Here are three ways you can control your anger before it gets you into trouble.
The Apostle Paul endured about as much suffering as anyone in the first century church. Of course, no man ever suffered to the extent that Christ did, but Paul was beaten, flogged, whipped, chained, imprisoned, froze, in great heat, in hunger, in thirst, and yet Paul could still say, “I have learned in whatever situation I am to be content” (Phil 4:11b). How did Paul learn contentment while living in such suffering and deprivation? He had lots of practice, and his satisfaction wasn’t in things or circumstances, but in Jesus Christ. That was his anchor. If all he had was Christ, then he discovered that all he needed was Christ. That creates contentment, but you cannot learn contentment until you experience some discontent. Even a precious pearl cannot form without irritations. If we look at the cause of our anger, it’s usually an expression of some form of dissatisfaction about people or circumstances. It is not being content with what we have or what we are experiencing. Anger is never good unless it is righteous indignation. Jesus gives us several occasions where His anger was for the right reason, however, humans are not very good at discerning the difference. And that gets us into trouble. So the next time you’re angry, think about how Jesus was betrayed, unfairly tried and convicted, and was guiltless like no man has ever been, yet He was silent when led to the slaughter. Disciples of Christ must always be “looking to Jesus, the founder and perfecter of our faith, who for the joy that was set before him endured the cross, despising the shame, and is seated at the right hand of the throne of God” (Heb 12:2). That should defuse your anger. At least it should.
Change your Expectations
If things are not going the way we expect them, we can grow very irritated. And this gives us a hair trigger, but we can put the safety it and move the finger from the trigger if we change our expectations a bit. What was it we were expecting that went wrong? Was some dream shattered by circumstances? Did some relationship end where you were betrayed? Have you not gotten what you deserve as far as your education is concerned? I know a man who has lived his life as one bad break after another. He was applying for citizenship in Canada when he had a very bad accident and permanently injured his back. Suddenly he was unemployed, had no health insurance because he had not yet become a Canadian citizen, and as a result, he was left with a huge debt (from his master’s degree), no job, and on disability, which for him was just about nothing since he hadn’t worked that many jobs in his life. His desire to move to Canada was crushed, and he and his young bride, with no health insurance, then fell deeper and deeper in debt. Thirty-eight years later, this man and his wife are still in crippling debt, and recently his wife also became disabled by a freak accident.

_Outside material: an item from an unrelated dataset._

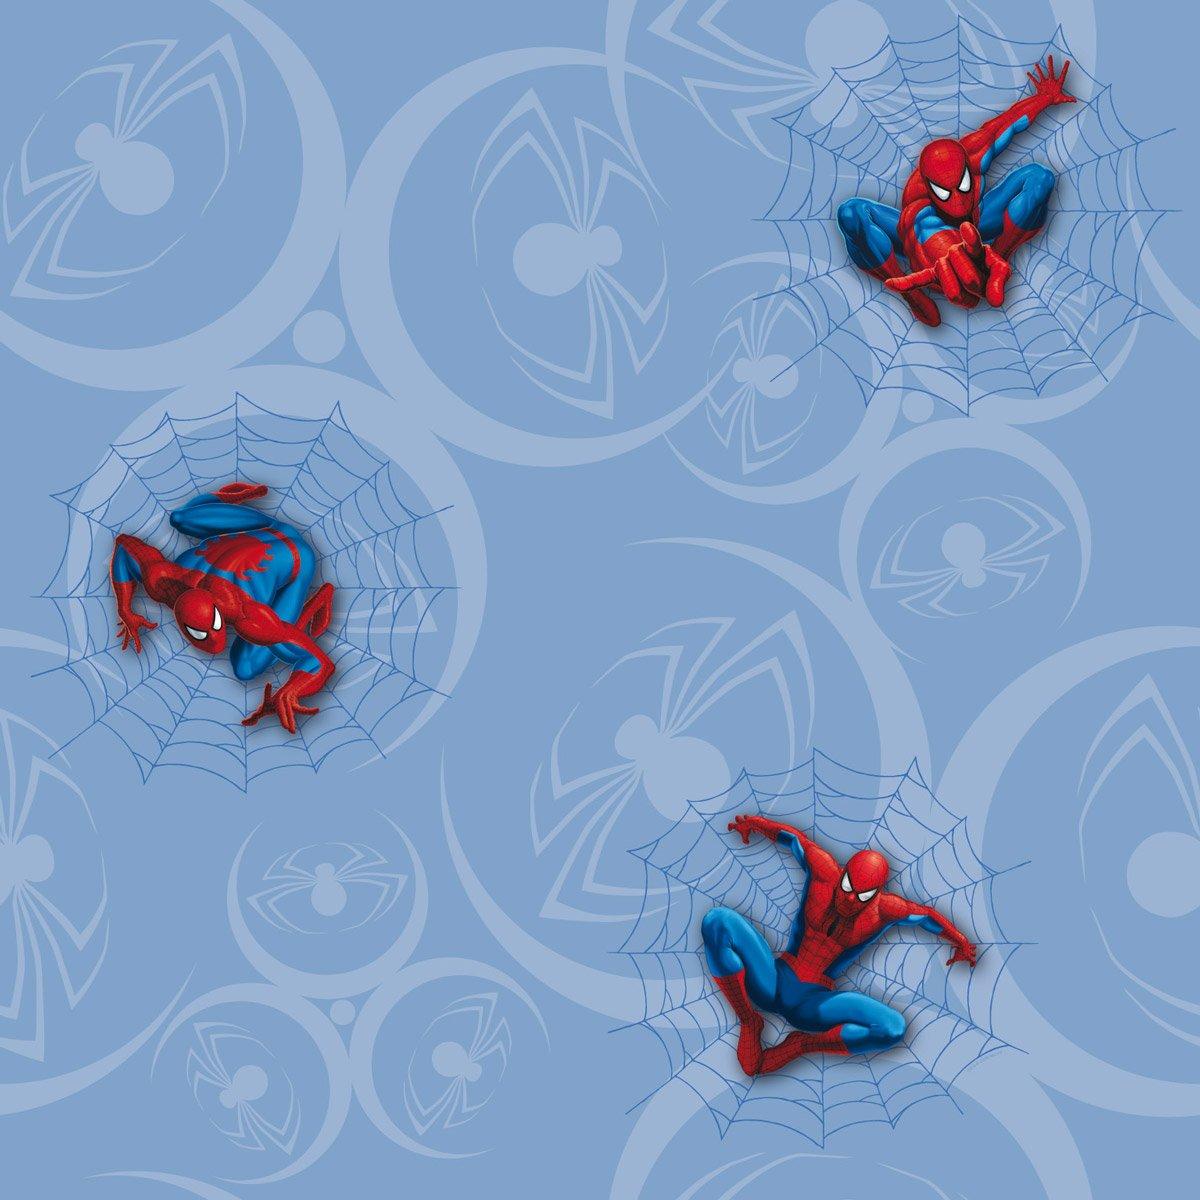 colecci/ón MainRange dise/ño de Spiderman Graham /& Brown Spiderman Papel pintado para habitaci/ón infantil

Their expectations were never met. The man did admit he has suffered from the “what if’s” in life. He felt as though he had never fulfilled his lifelong mission or dream. Now, after all that, I can still say that this man’s faith is a strong as the day on which he was saved. I find it remarkable that he has suffered so much pain and lives at the poverty level, even with a master’s degree. If we change what we expect and trust God in what happens, it may help us to control our anger.
Trust God’s Sovereignty
People can be cruel, and I include myself in that group, but after I was converted, I couldn’t be cruel any more, but not because of self-improvement. It took the Spirit of God to quicken these dead men’s bones (Eph 2:1-5). I was like Lazarus…four days dead and having no hope, but the sovereignty of God kicked in. I was born from above (John 3:3-8) because it was God’s will (Eph 1), so this part of God’s sovereignty I love…now when it starts to get uncomfortable, I’m not so sure about God’s sovereignty anymore. I get more focused on the here and now rather than the “then and later” (Rev 21:1-5), so I had to stop looking at things as they are now, and look at them the way God sees them. God saw Gideon as a mighty warrior, even though it was not yet, so in God’s sovereignty, it was as good as done. Gideon didn’t see a “mighty warrior” but a hiding coward, the least of his clan. Again, that’s where God’s sovereignty kicked in. If Joseph had not been thrown into a pit to die, his brothers wouldn’t have sold him to slave traders. If Joseph hadn’t been sold to slave traders, he wouldn’t have been sold to Potiphar’s household. If He hadn’t been sold to Potiphar’s household, he wouldn’t have been unfairly accused and thrown into prison. If Joseph hadn’t been unfairly accused and thrown into prison, he wouldn’t have interpreted the two prisoner’s dreams. If Joseph hadn’t interpreted the two men’s dreams, he wouldn’t have had a chance to interpret Pharaoh’s dream, and if he hadn’t interpreted Pharaoh’s dream, he wouldn’t have been put in second command of all Egypt and if not for that, the great seven-year famine that came would have caused millions to die including Jacob and the nation of Israel, so when Joseph finally saw his brothers, he said, “you meant evil against me, but God meant it for good, to bring it about that many people should be kept alive, as they are today” (Gen 50:20). Joseph didn’t deny that what they did was evil; he only shows that God can even use evil for good. Just look at the cross. Everything that happens must first pass through the nail-holed hands of Jesus.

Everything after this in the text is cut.